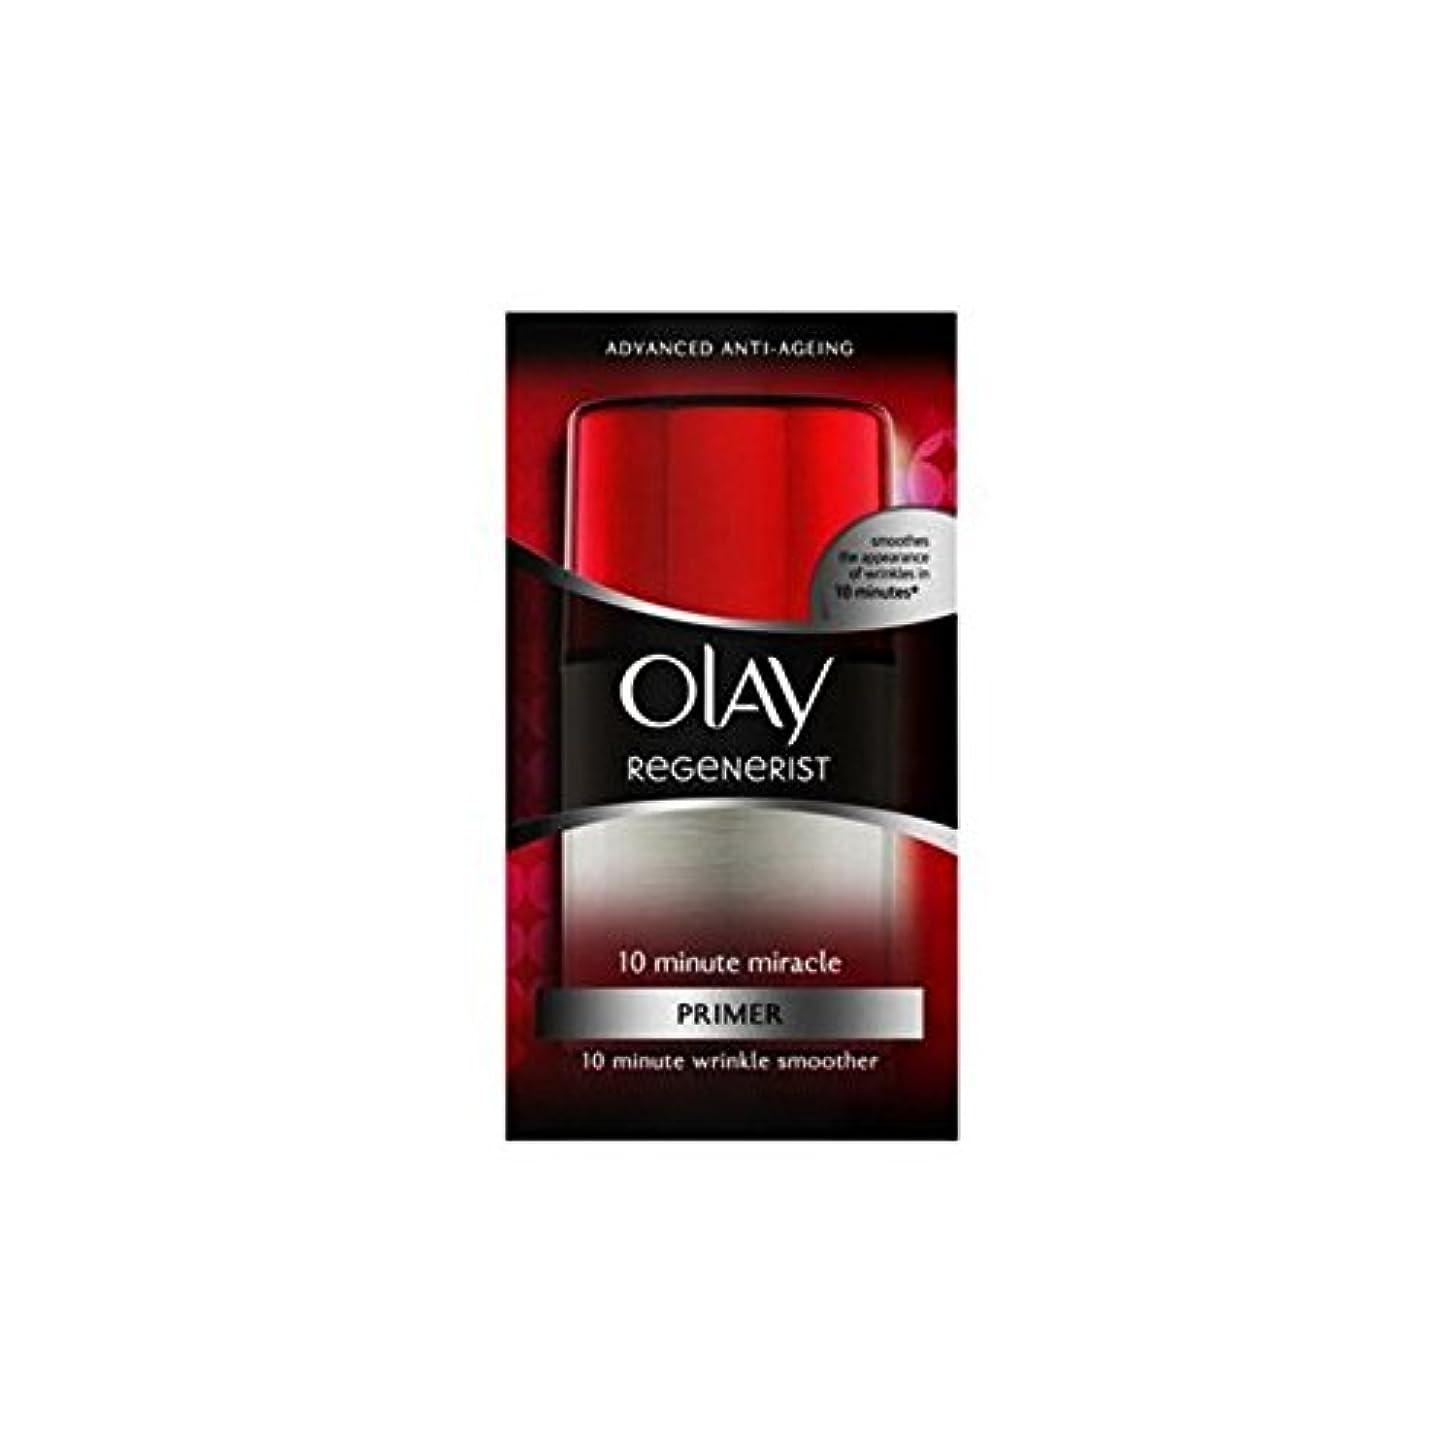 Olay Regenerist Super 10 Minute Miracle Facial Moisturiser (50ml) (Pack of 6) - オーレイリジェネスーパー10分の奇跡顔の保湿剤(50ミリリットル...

--

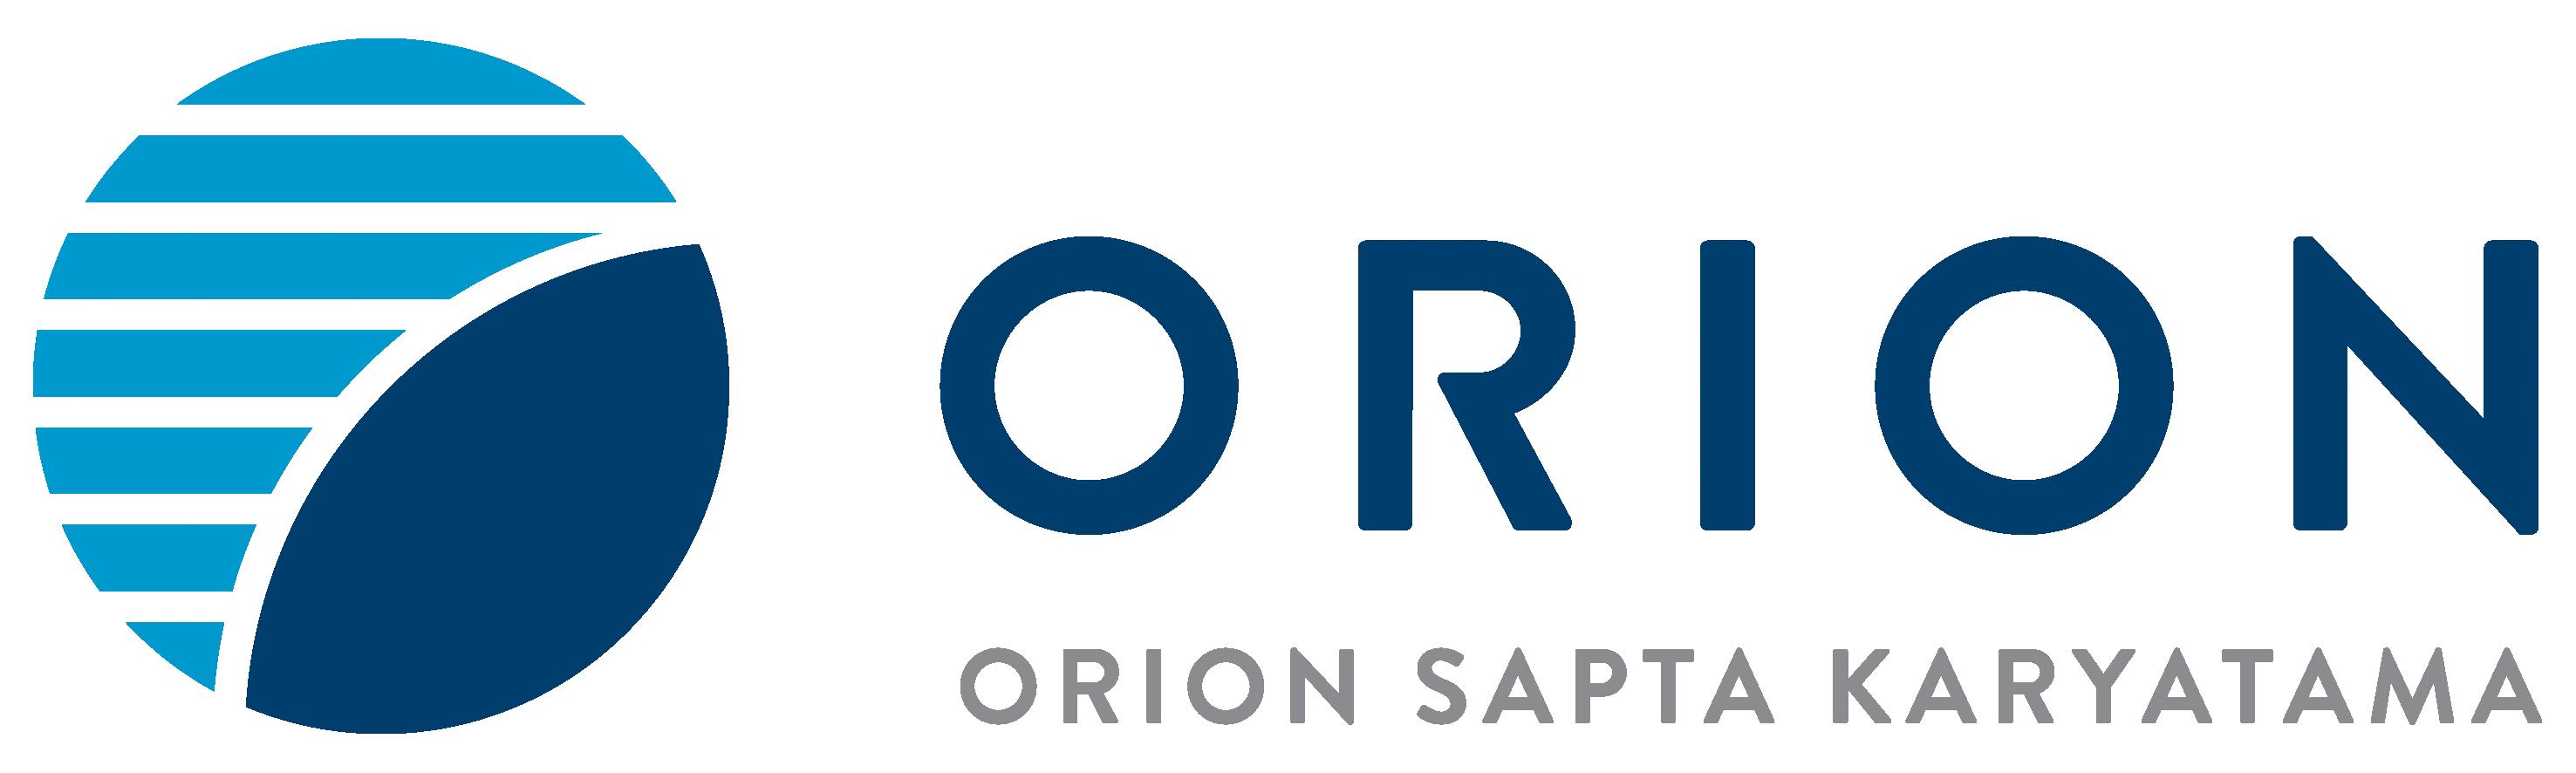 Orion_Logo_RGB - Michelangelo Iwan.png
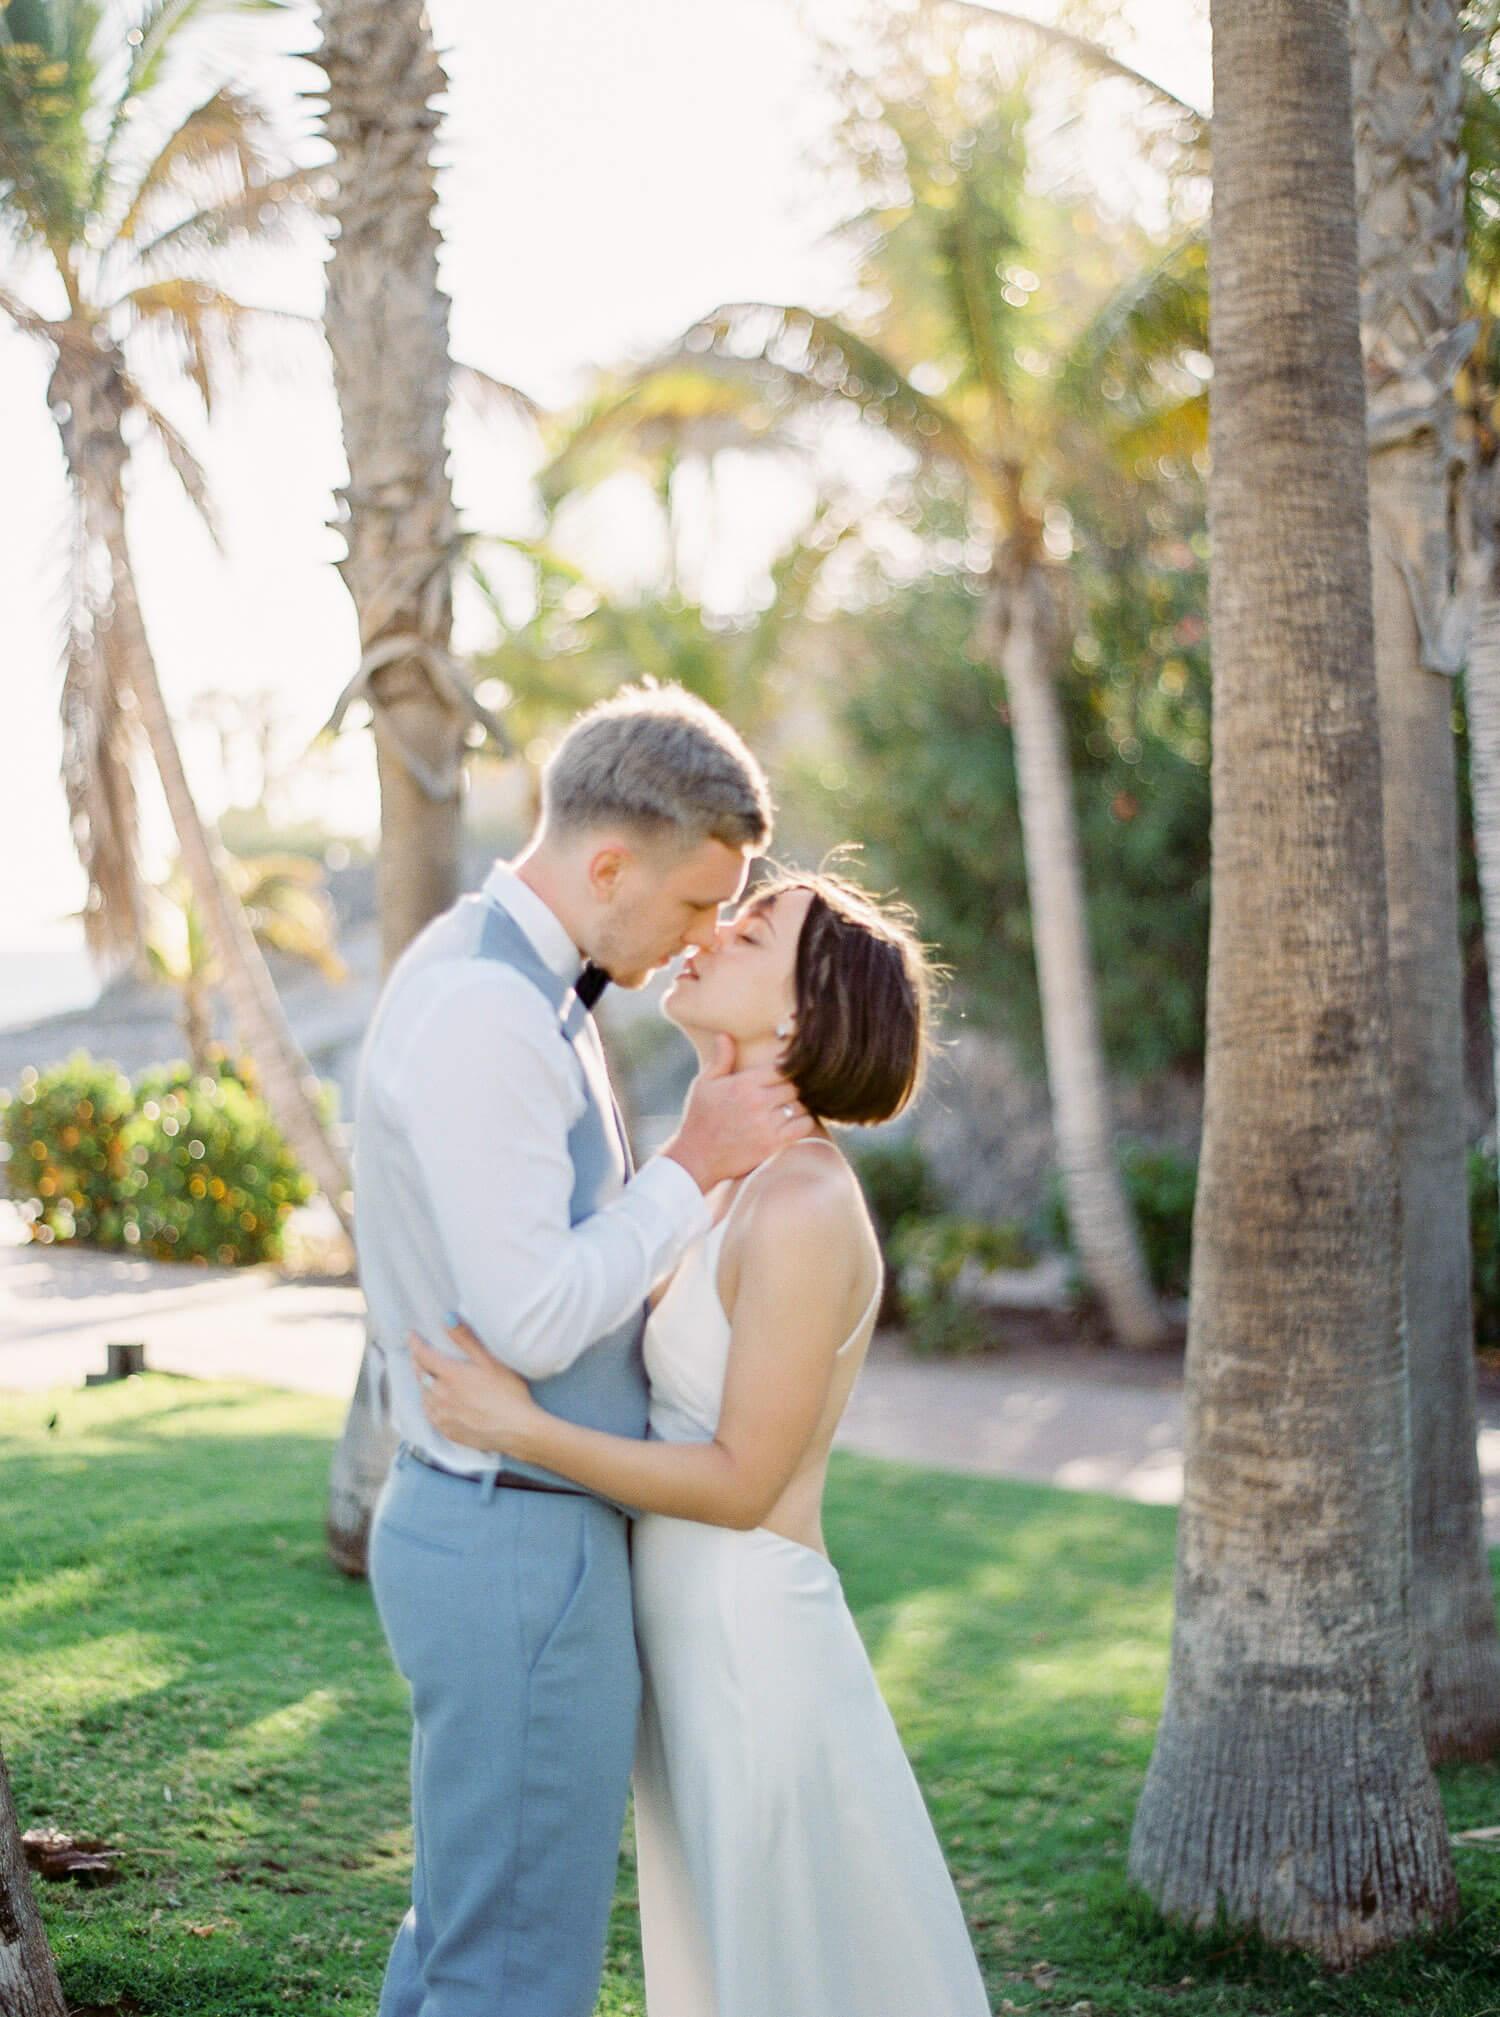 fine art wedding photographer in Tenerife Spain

...

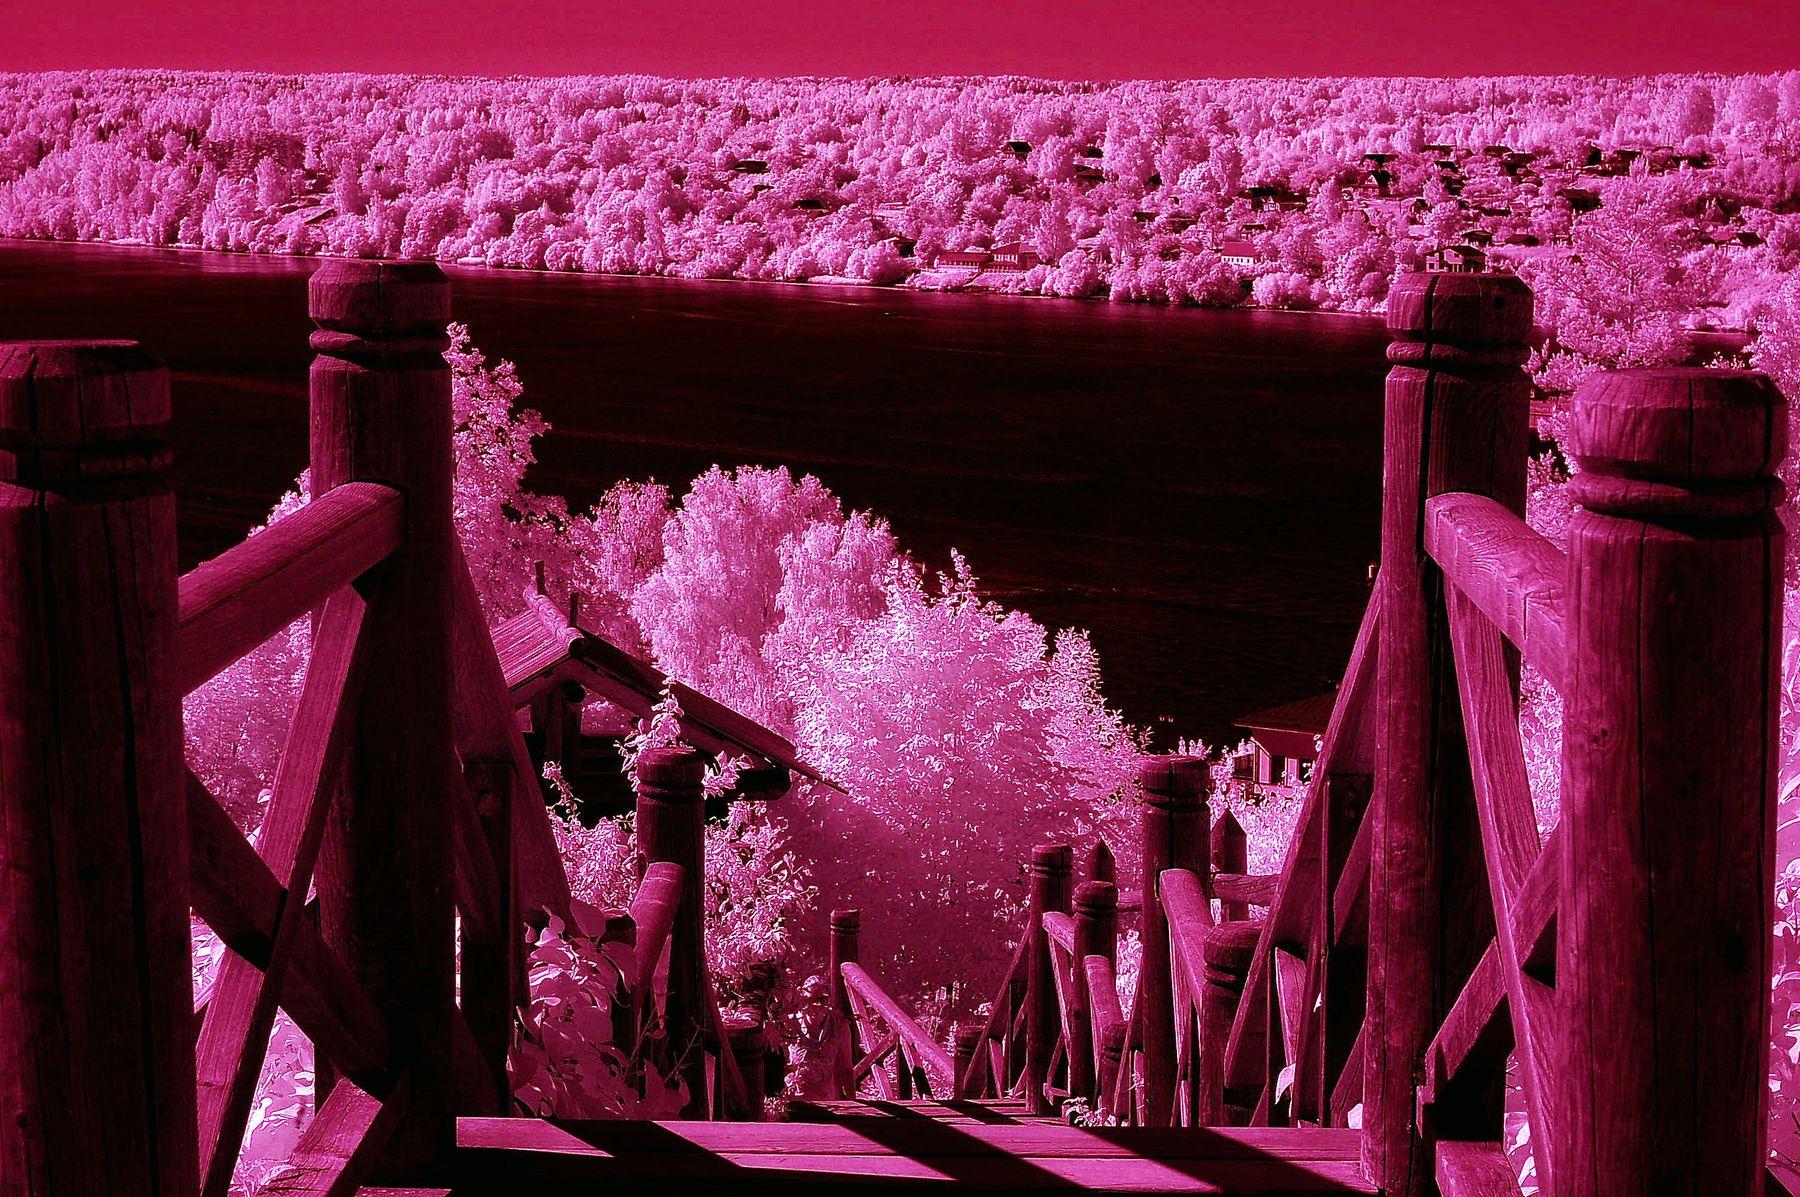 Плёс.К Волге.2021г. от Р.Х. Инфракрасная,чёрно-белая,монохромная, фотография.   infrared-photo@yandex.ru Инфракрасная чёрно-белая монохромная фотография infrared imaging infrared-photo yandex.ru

▶ [Assignment]: Return exactly the lines above, from the one with "Orion_Logo_RGB - Michelangelo Iwan.png" up to and including the one with "fine art wedding", and include no pictures.

▶ [Task output]:
 Orion_Logo_RGB - Michelangelo Iwan.png
 fine art wedding photographer in Tenerife Spain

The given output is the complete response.